# Directions
Set down the final stretch of the data, from the line that holds "Las abejas chupan" through the last line, both included, with pictures left out.

# Source data
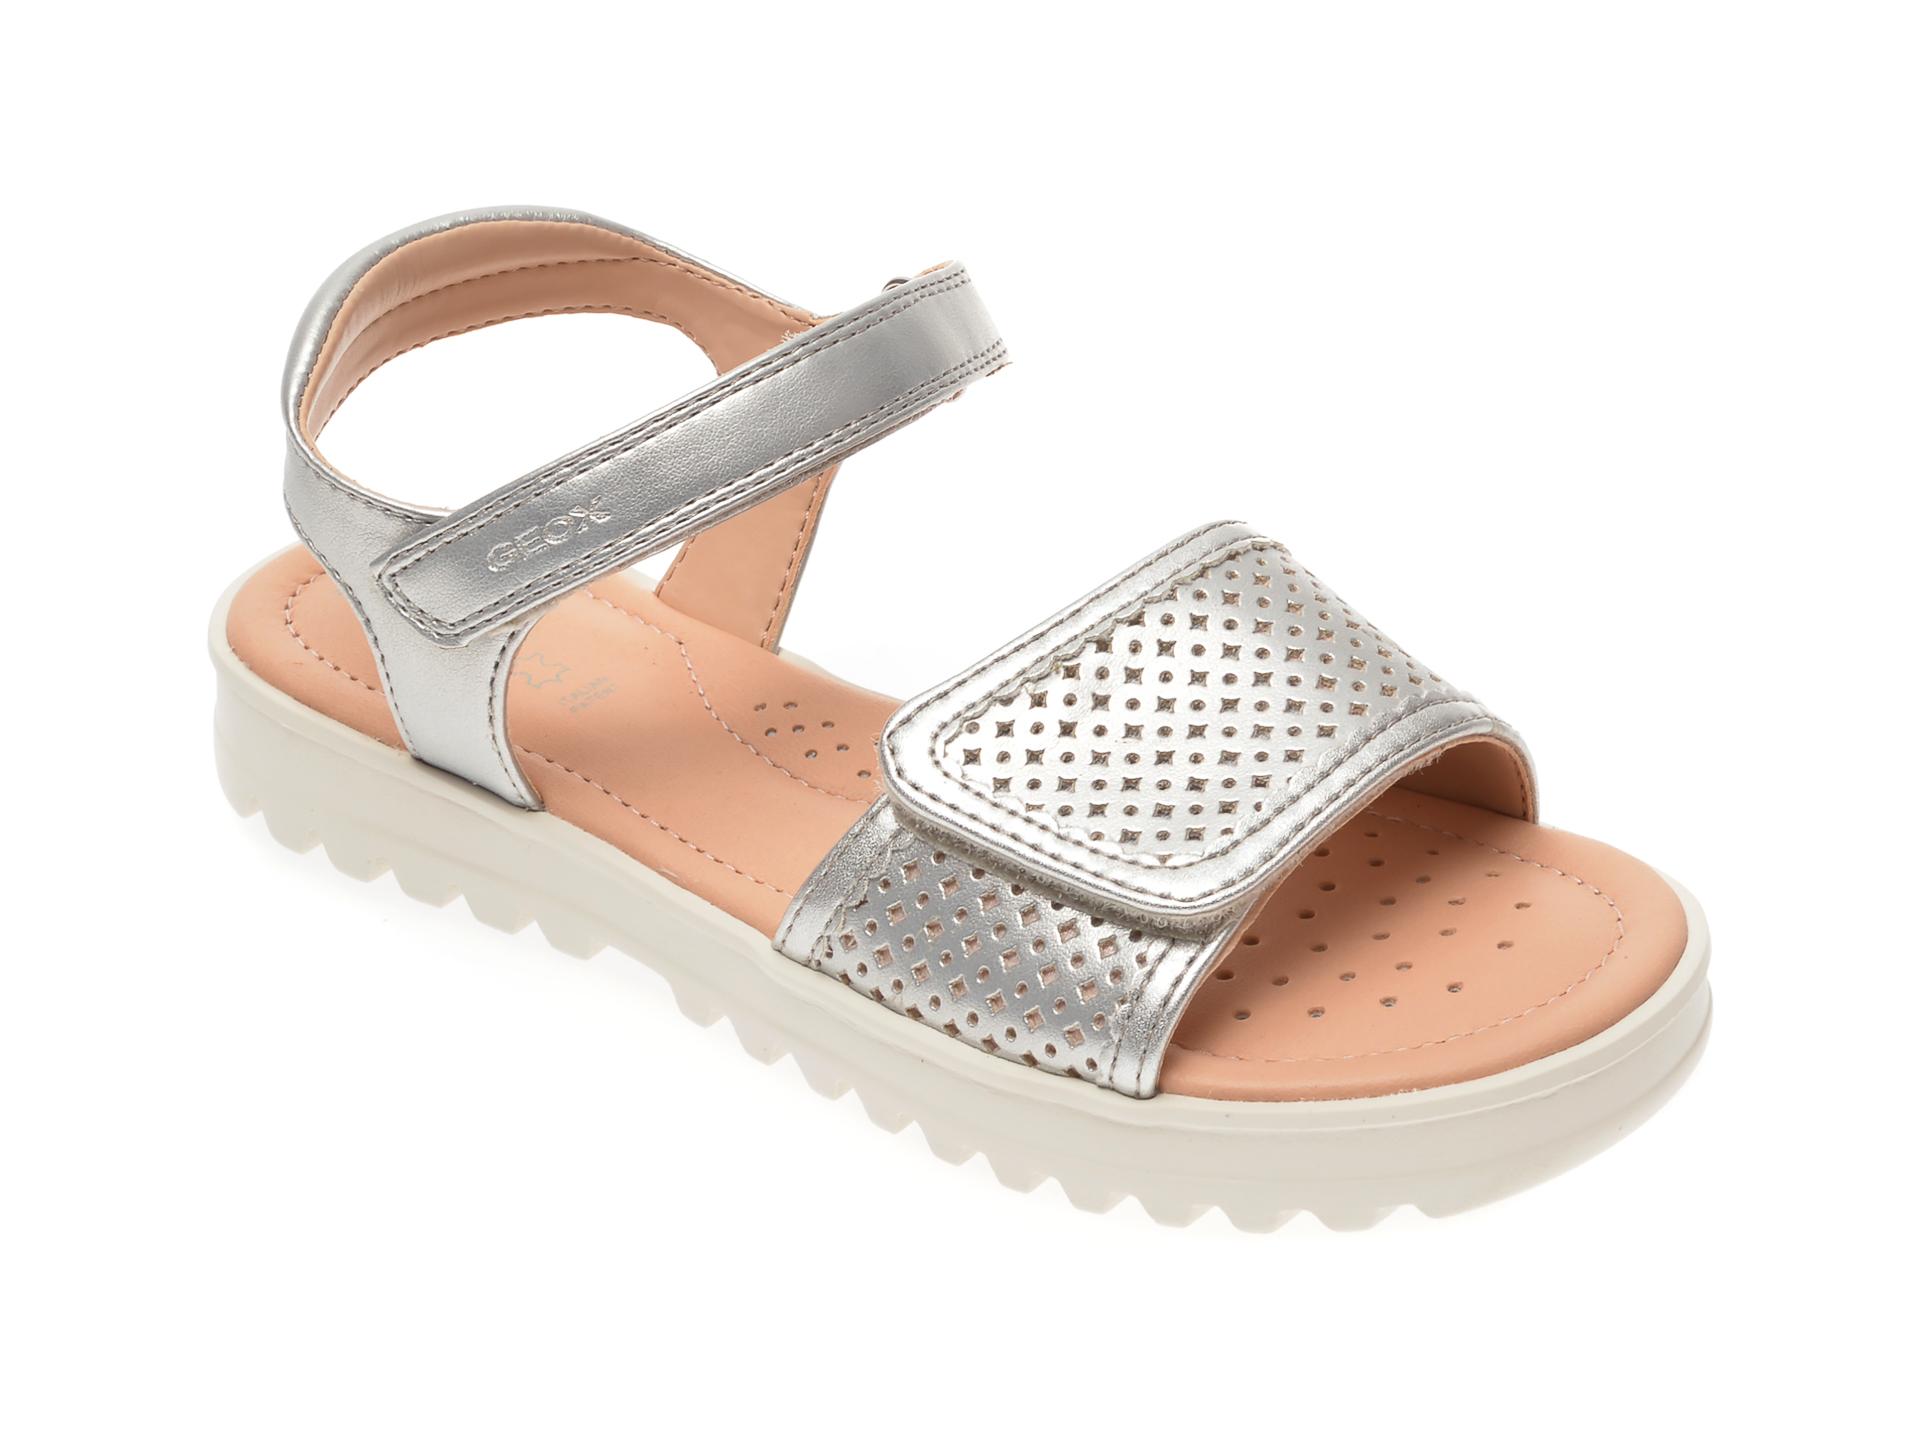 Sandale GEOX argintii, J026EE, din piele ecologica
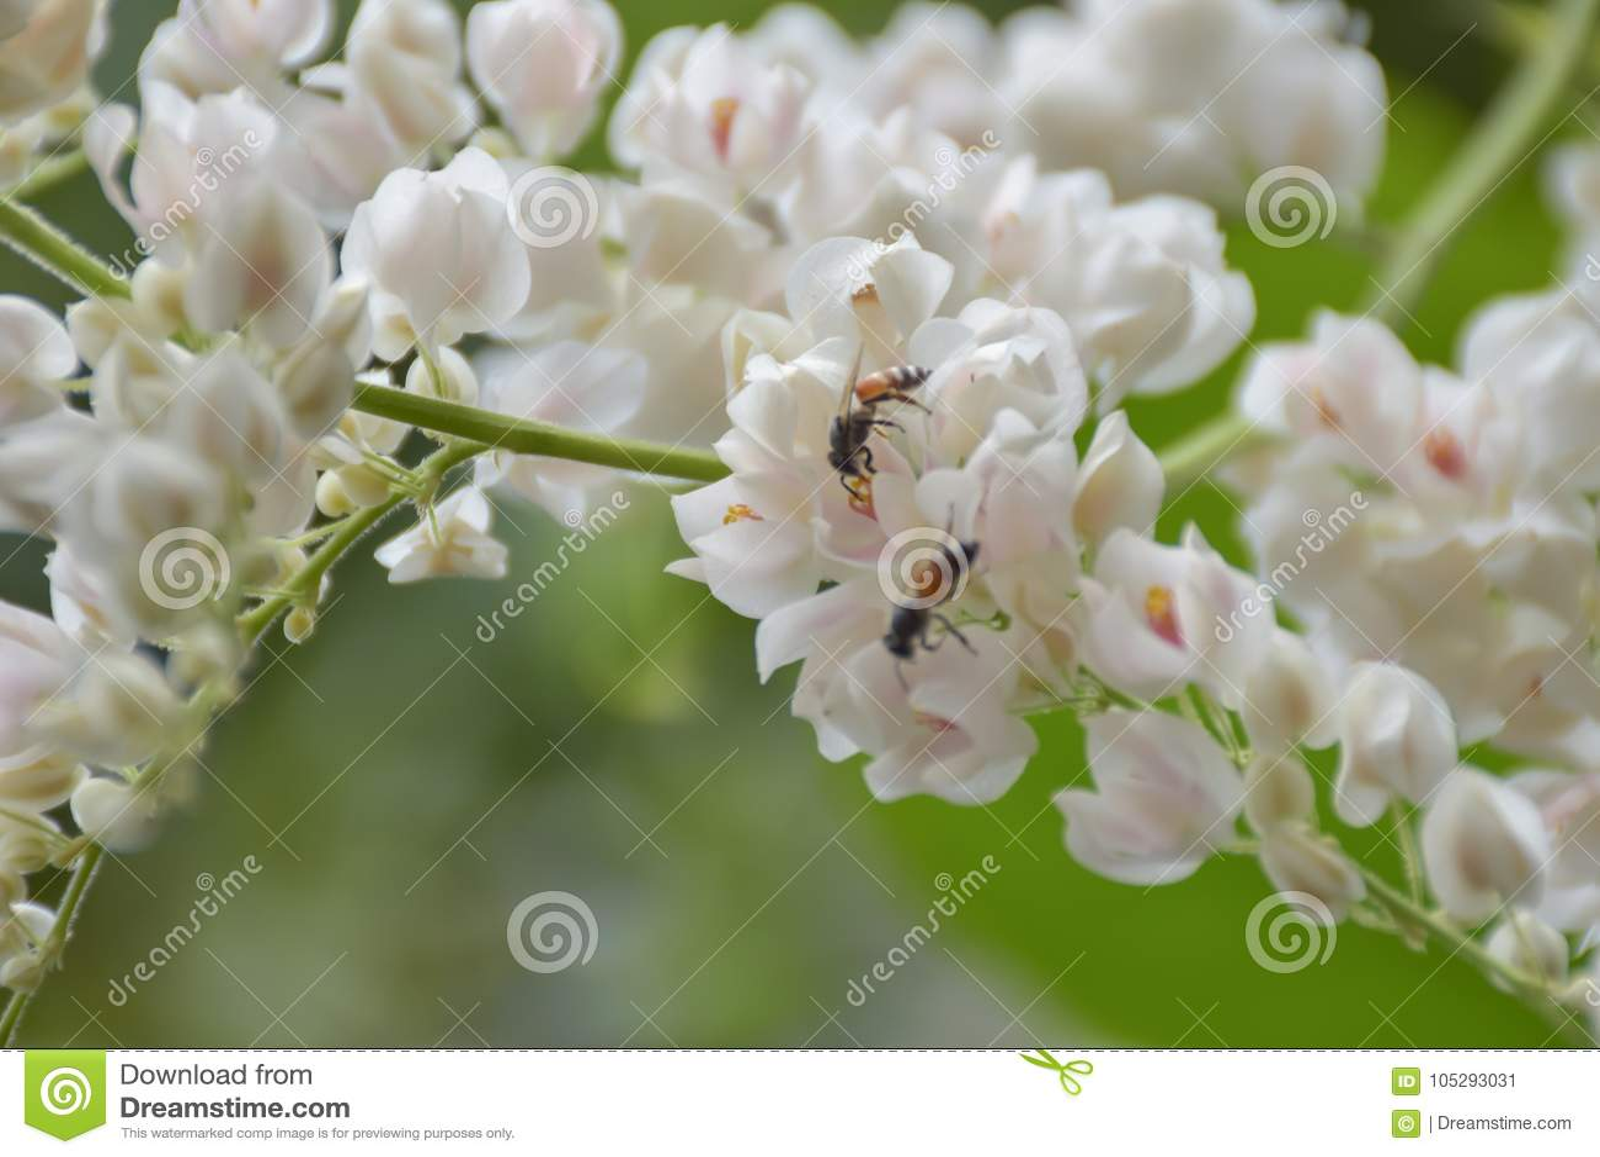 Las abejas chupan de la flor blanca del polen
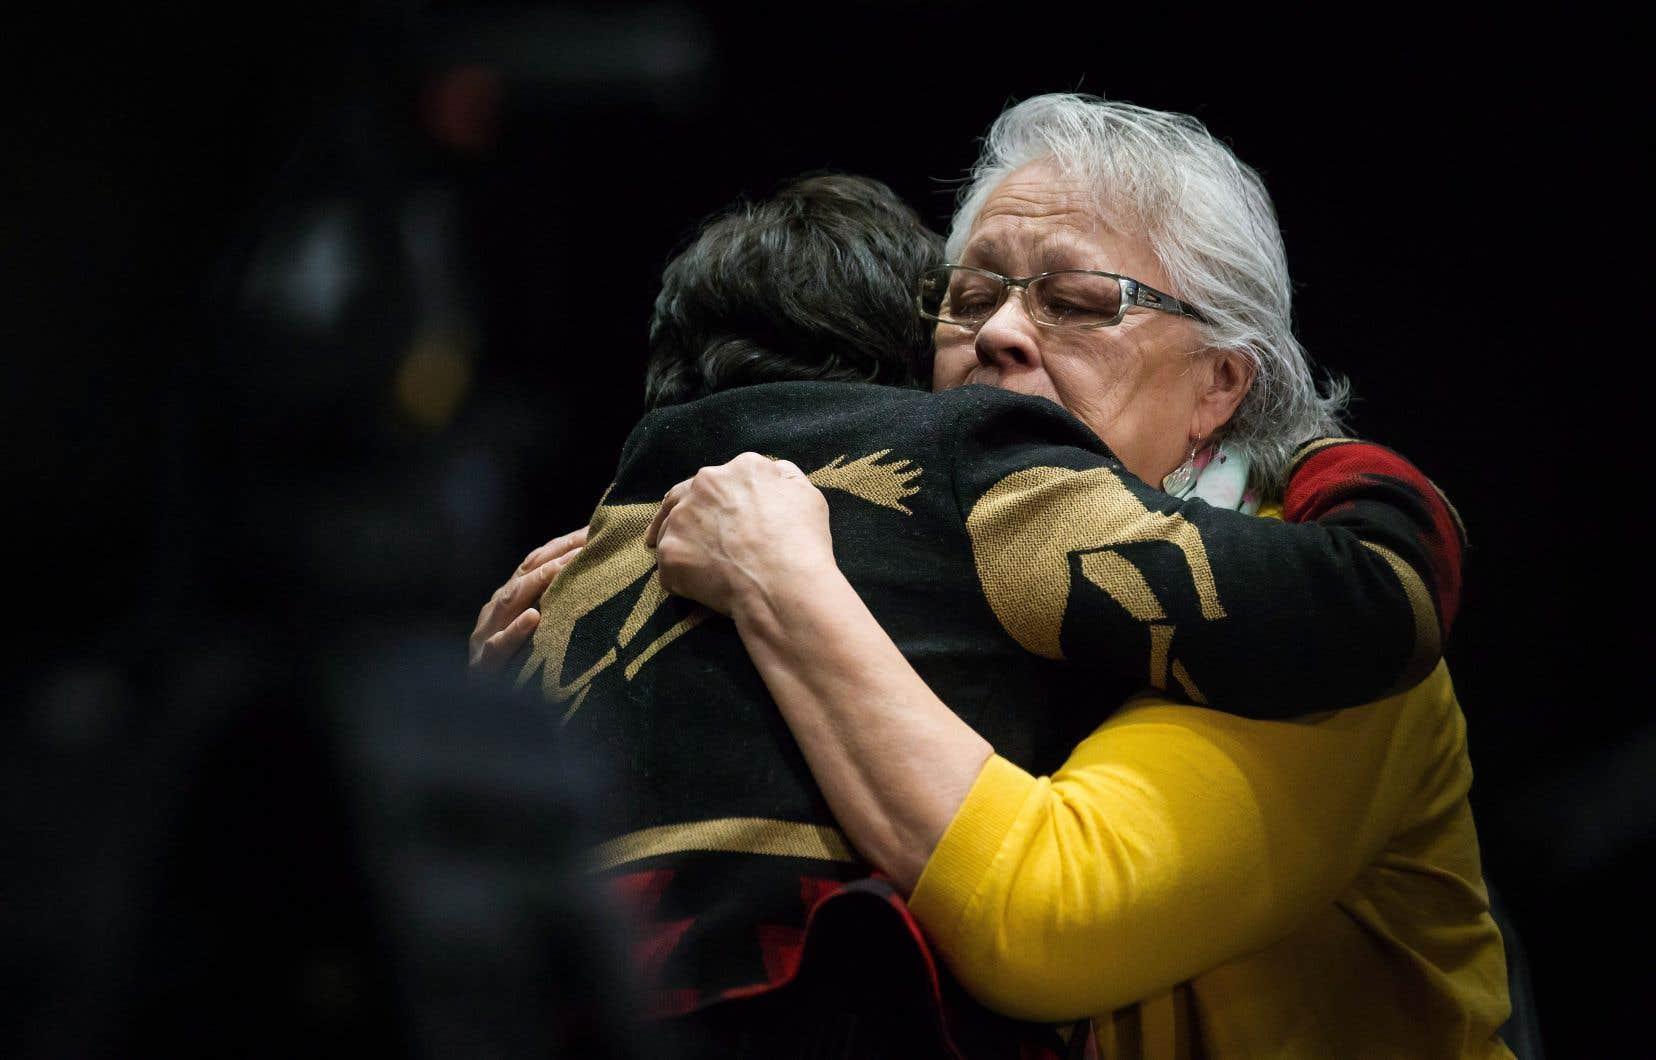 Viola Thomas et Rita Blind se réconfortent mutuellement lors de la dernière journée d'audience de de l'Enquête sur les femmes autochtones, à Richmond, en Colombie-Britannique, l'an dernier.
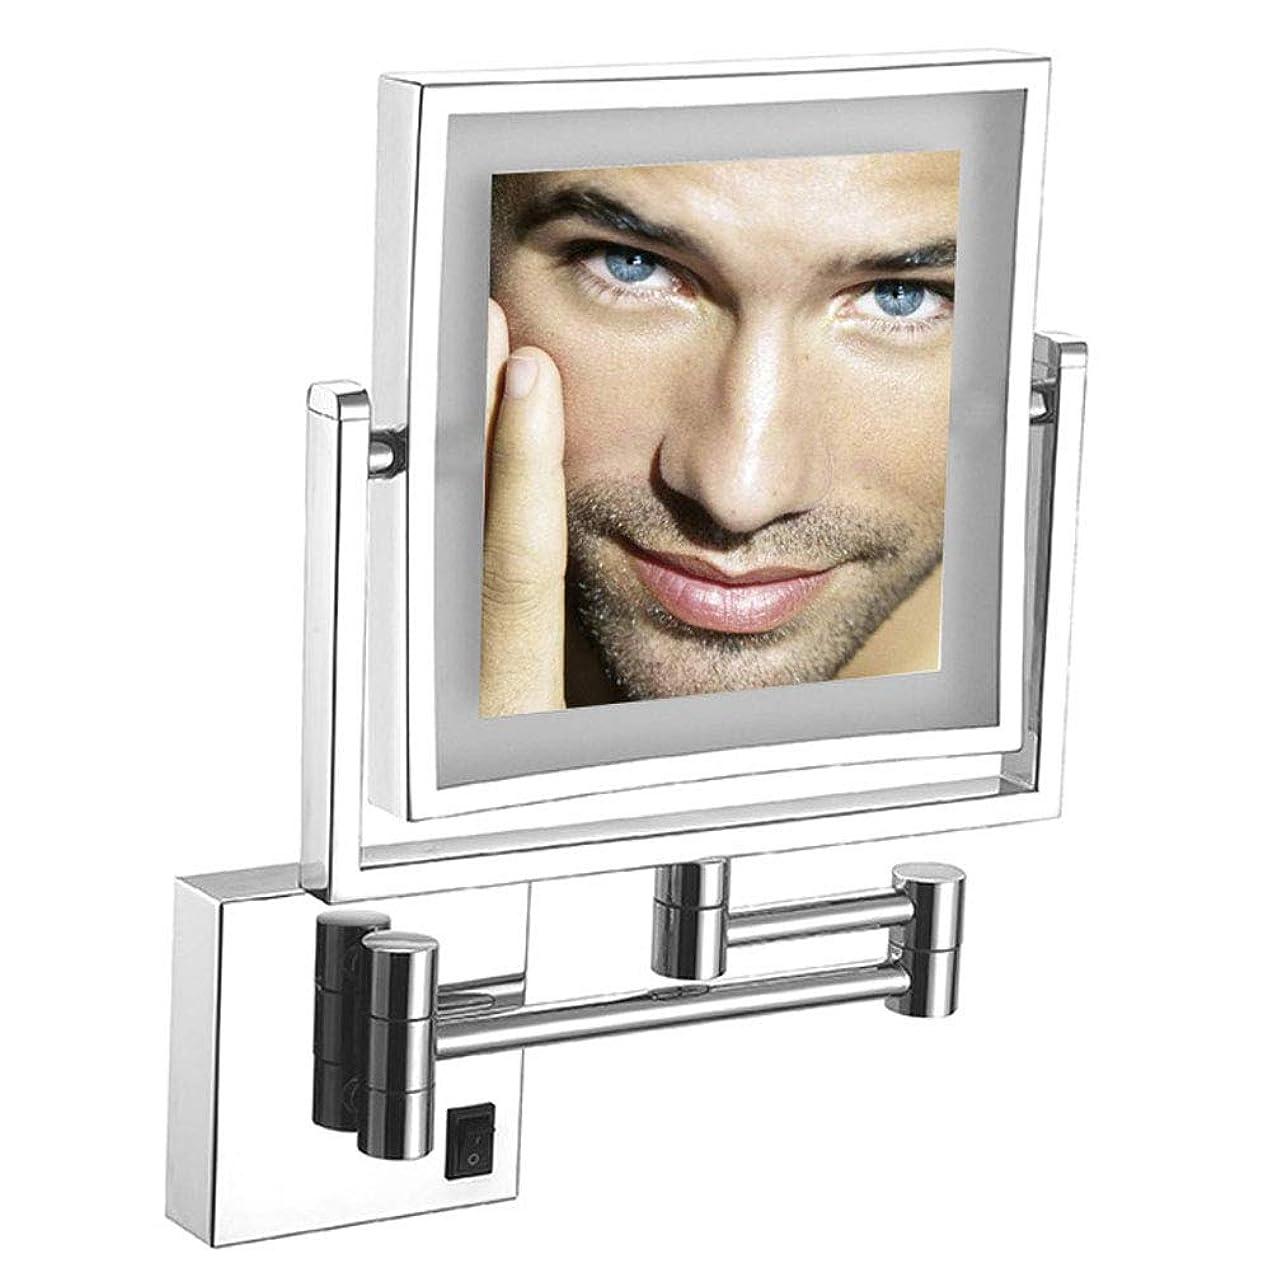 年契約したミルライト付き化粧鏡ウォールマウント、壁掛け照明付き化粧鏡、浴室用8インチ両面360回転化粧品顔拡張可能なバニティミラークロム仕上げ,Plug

# Solution to the problem
 Las abejas chupan de la flor blanca del polen
 Viola Thomas et Rita Blind se réconfortent mutuellement lors de la dernière journée d'audience de de l'Enquête sur les femmes autochtones, à Richmond, en Colombie-Britannique, l'an dernier.
 年契約したミルライト付き化粧鏡ウォールマウント、壁掛け照明付き化粧鏡、浴室用8インチ両面360回転化粧品顔拡張可能なバニティミラークロム仕上げ,Plug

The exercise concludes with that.